Evidence-based fitness research refers to the systematic, scientific investigation of fitness-related questions. The “evidence-based” model is the standard for ranking the quality of findings provided by medical studies. Level 1 evidence is considered strong and compelling. Level 5 is very weak. The level is determined not by any particular finding but by the strength of a study’s design, implementation, and reporting. Unlike people, all studies are not created equal. Some conclusions can be discounted entirely based on poor study design. Overall, the veracity and value of a study’s conclusion is determined by the level of evidence provided and its relevance for making actual decisions.
“Evidence-based medicine is the conscientious, explicit, and judicious use of current best evidence in making decisions about the care of individual patients.”
From Sackett DL, Rosenberg WMC, Gray JAM, Haynes RB, Richardson WS. 1996. Evidence based medicine: what it is and what it isn’t. BMJ 312: 71–2 
The term “evidence-based medicine” first appeared in 1992 when it was used by Gordon Guyatt in an article published in JAMA. While the article focused on a “new approach to teaching the practice of medicine”, it represents the evolution of principles dating back to ancient Greece and the very beginnings of modern medicine. Put simply, it means that decisions should be based on convincing data. In its current form it is widely accepted as the gold standard for evaluating the safety and effectiveness of any proposed treatment. Using the best available information to inform decisions, evidence-based practice is dependent on ranking evidence produced by research. Randomized, controlled trials (RCTs) and systematic reviews of RCTs provide the highest quality evidence, while untested opinions provide virtually none.
How are levels of evidence determined?
Here is the pyramidal breakdown:
The Level of Evidence is ranked 1-5 depending on the source.
- RCTs and Systematic Reviews of RCTs
- Cohort and outcome studies
- Case control studies
- Case series
- Expert opinion
The most compelling data is derived from randomized, placebo-controlled, prospective trials with adequate power. Randomized means that study subjects are divided into separate groups by a chance mechanism, as opposed to selection based on preexisting characteristics. This reduces a type of bias whereby groups start out with key differences so they respond differently to treatment.
Placebo-controlled means that a subgroup is created that does not receive the treatment under investigation. Placebo groups allow us to determine whether effects can be explained by chance or natural progression as opposed to the influence of treatment. Prospective means that a study tracks subjects moving forward in time.
Prospective designs facilitate accurate data collection and identification of confounding factors which may be difficult using old information. Adequately powered means that statistical models are used in advance to determine the number of subjects needed to prevent wrong conclusions based on too-small sample sizes.
The highest quality evidence is derived by combining multiple RCTs that were designed to answer the same question. The statistical analysis of combined data can be much stronger than any single study and it is reported by meta-analysis or systematic review.
The above is a very brief overview of the complexities involved in assessing the quality of a particular study or body of evidence. To learn more, the Cochrane Collaboration is an invaluable resource.
Using evidence-based fitness research
It would obviously be ideal if personal fitness decisions could always be based on Level 1 evidence, but we don’t have this luxury.

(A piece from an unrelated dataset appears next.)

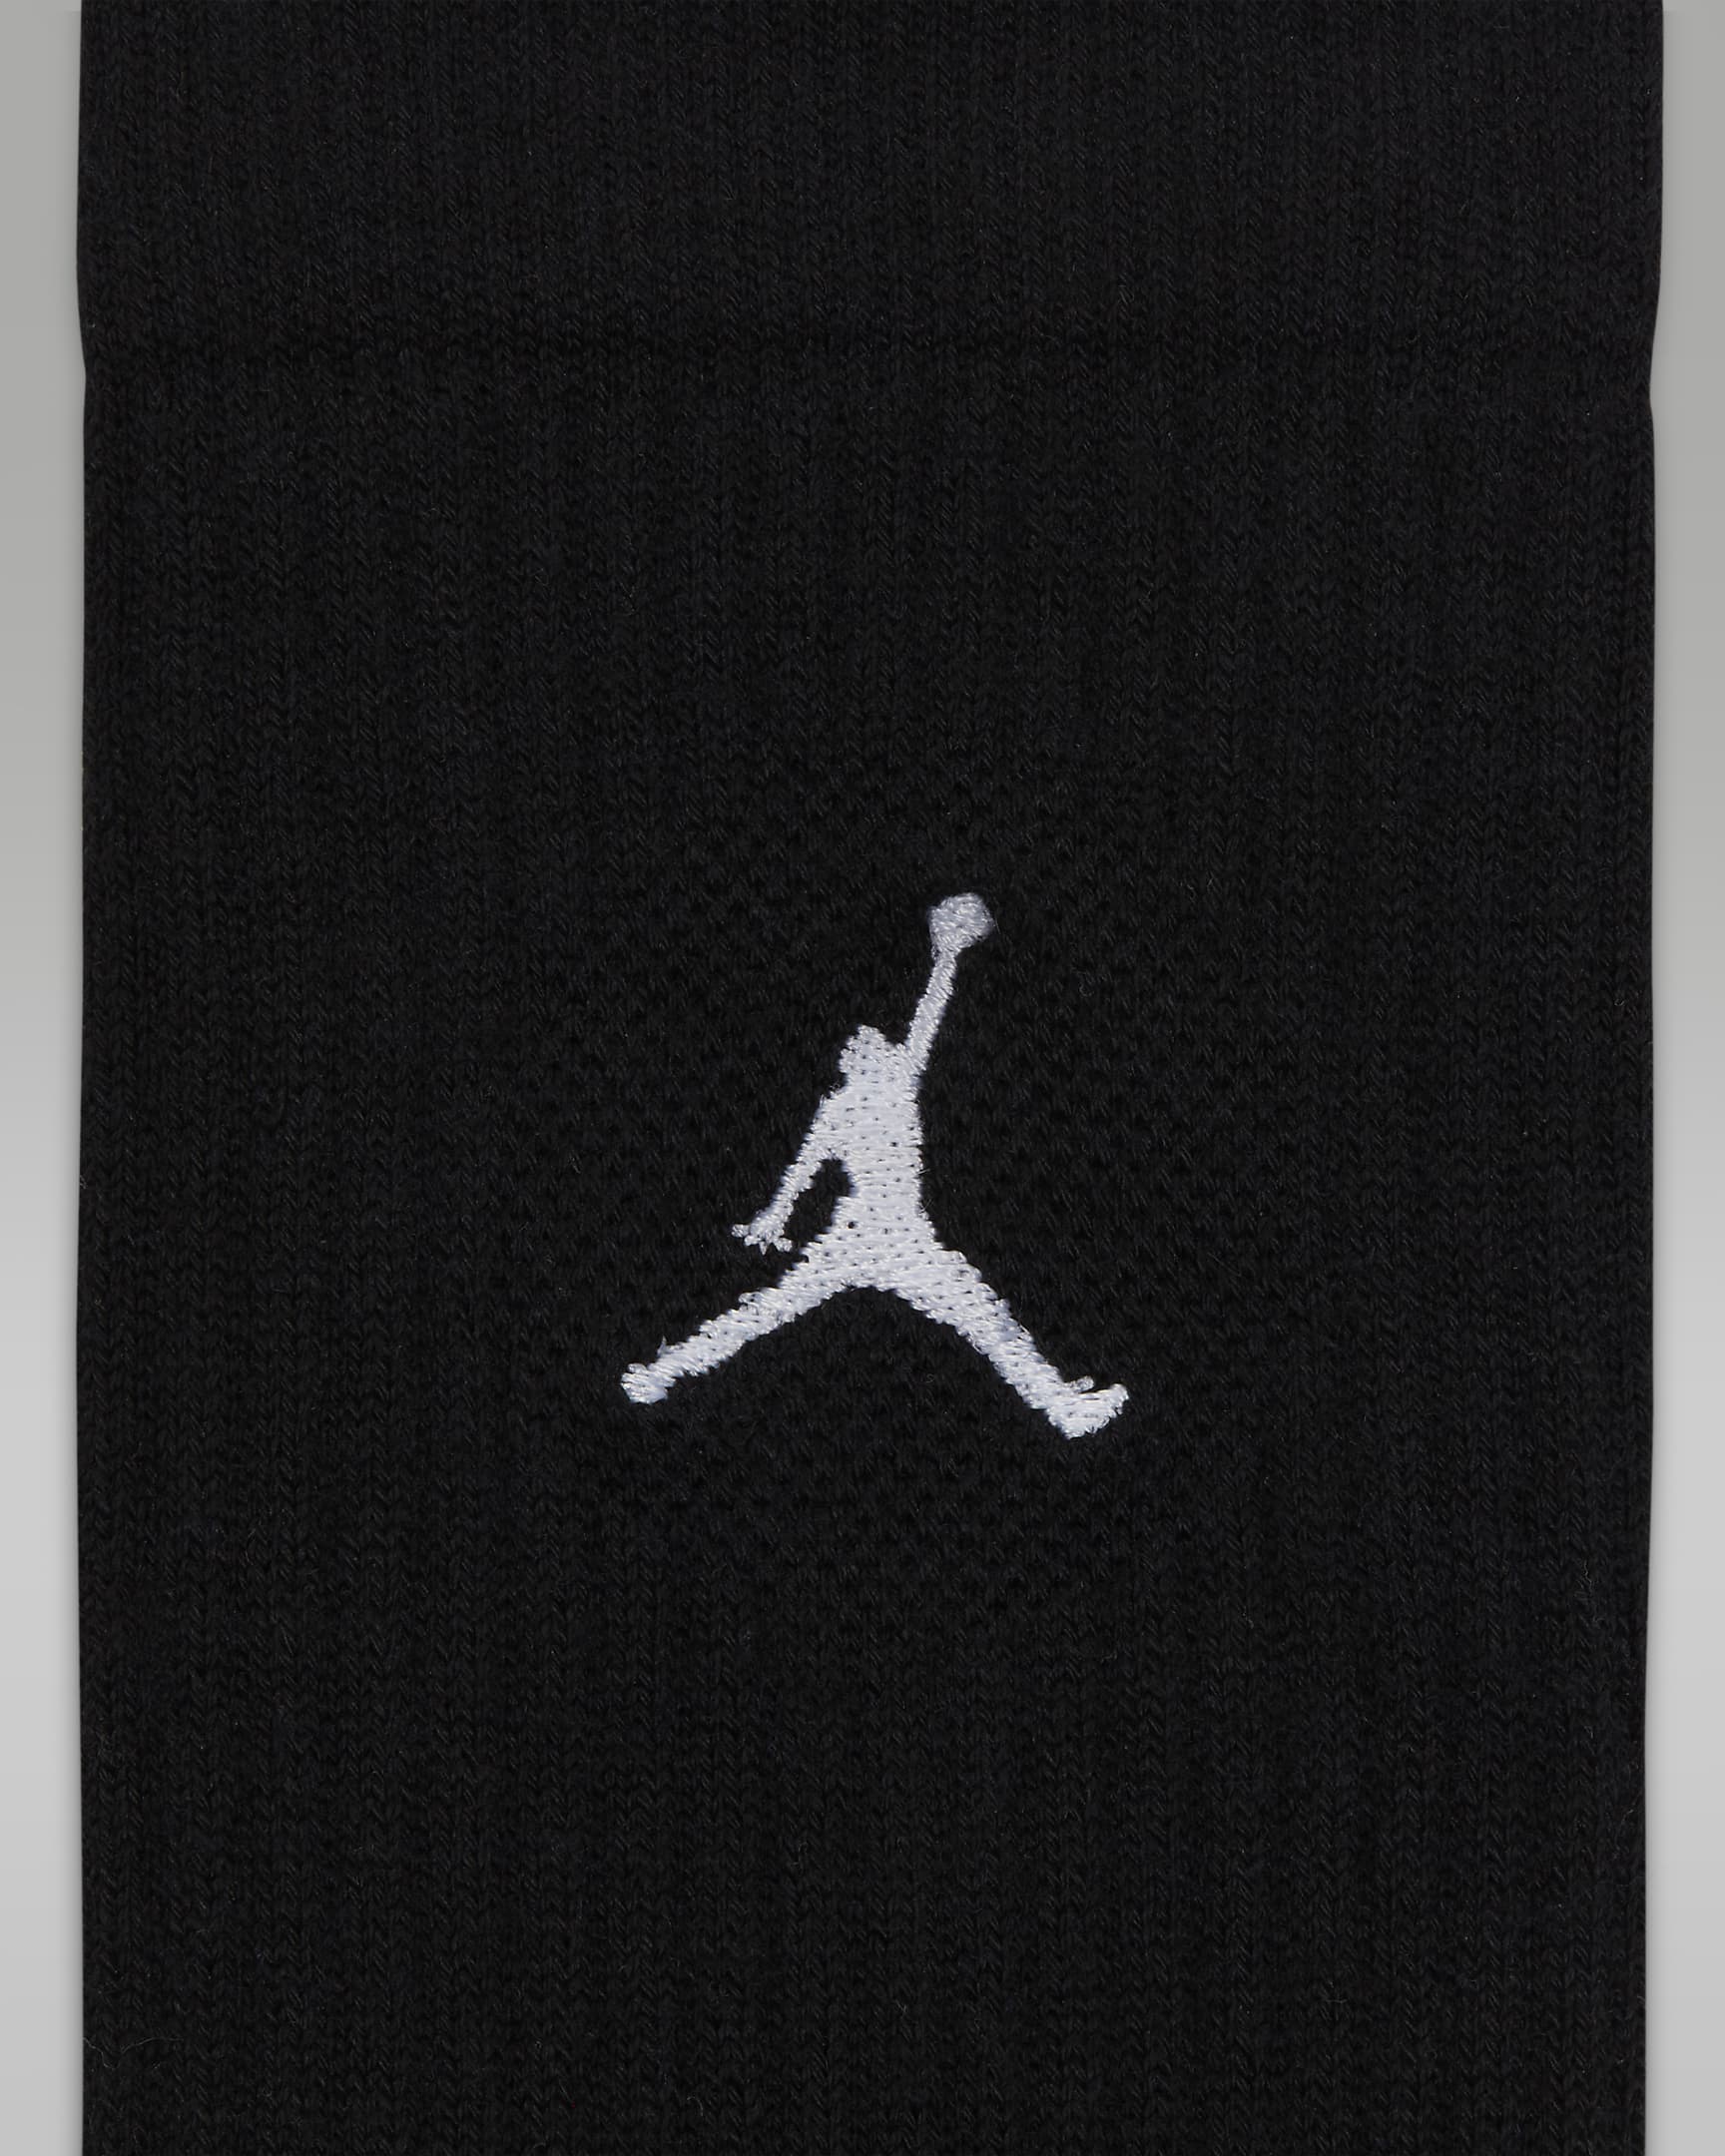 Jordan Everyday Crew Socks (3 pairs). Nike.com

Many important questions lack definitive answers due to a scarcity of well-designed studies. RCTs take a long time and cost a lot of money. Questions that are important to people wanting to improve their personal fitness may receive less attention than potential blockbuster drugs or biomedical devices. Where is the financial gain in answering a question like “How many sets and reps are optimal for muscle hypertrophy at age 40?” Even questions with commercial implications often go unanswered, like “Am I risking death by rhabdomyolysis if I do Crossfit?” To answer many such questions we can go with our gut, read opinions from message boards, listen to the “experts,” or conduct experiments on ourselves—but we can’t always rely on the best quality evidence.

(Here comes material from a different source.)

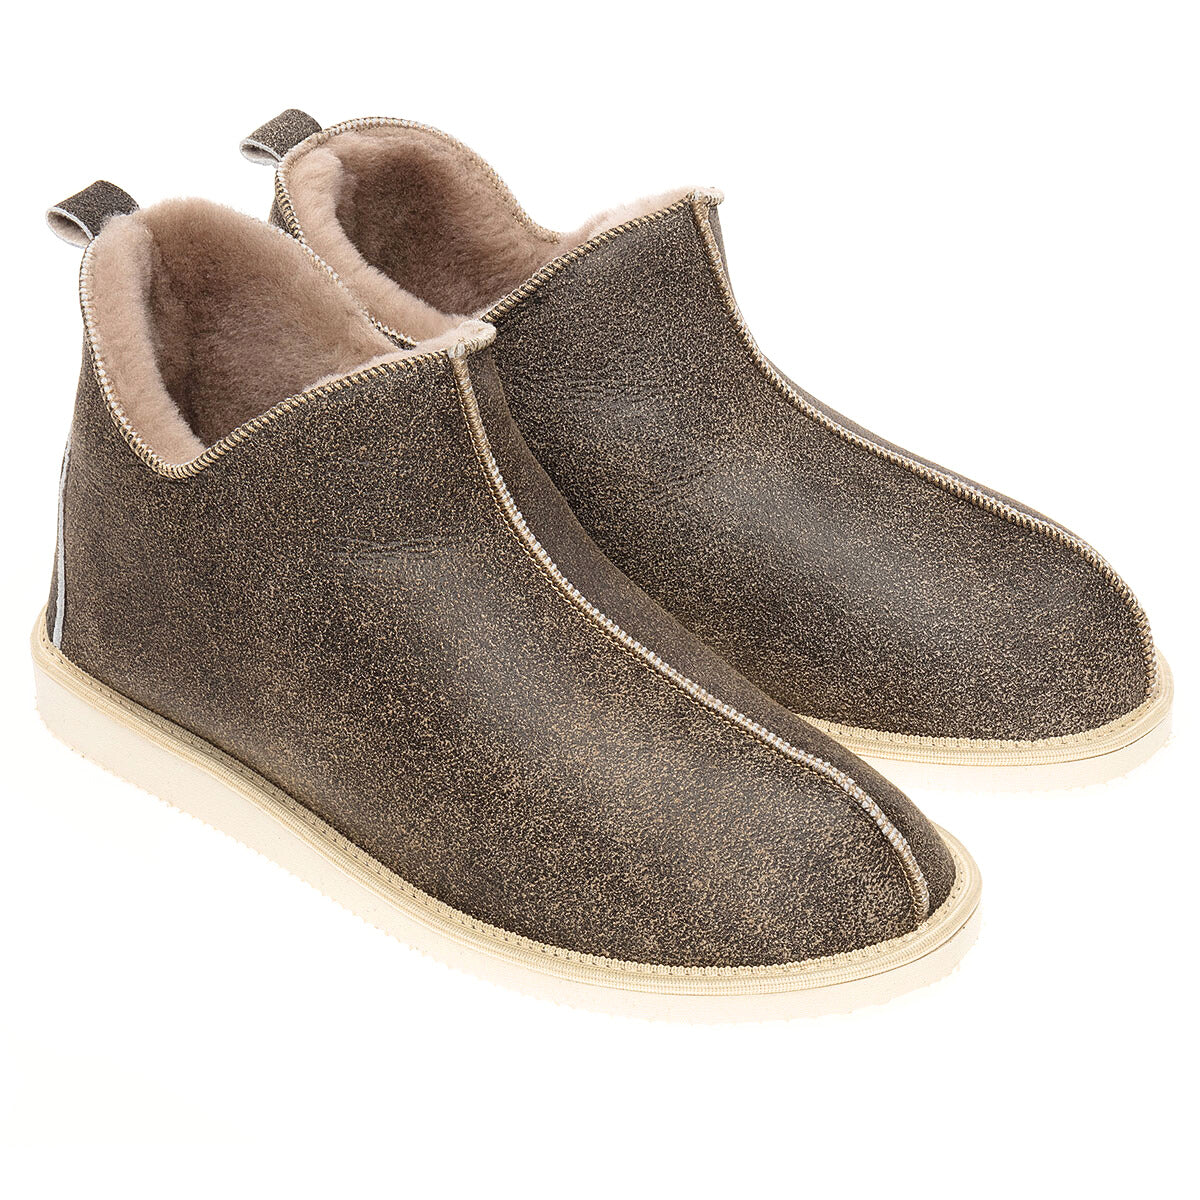 Alpin Sheepskin Slippers - Nutmeg Distressed Leather

Quality research is being done. It is often sensationalized, buried, or ignored by large media outlets, but important and under-recognized research is available if we look for it. Our job is to look beyond headlines created to attract attention without critical analysis. Armed with a working understanding of how to critique research findings we can scrutinize advice and decide on fitness truth ourselves. Whether the advice comes from a friend at the gym, a best-selling book, or unquestioned tradition, we should know the strength of the supporting evidence before we accept it, reject it, or withhold judgment.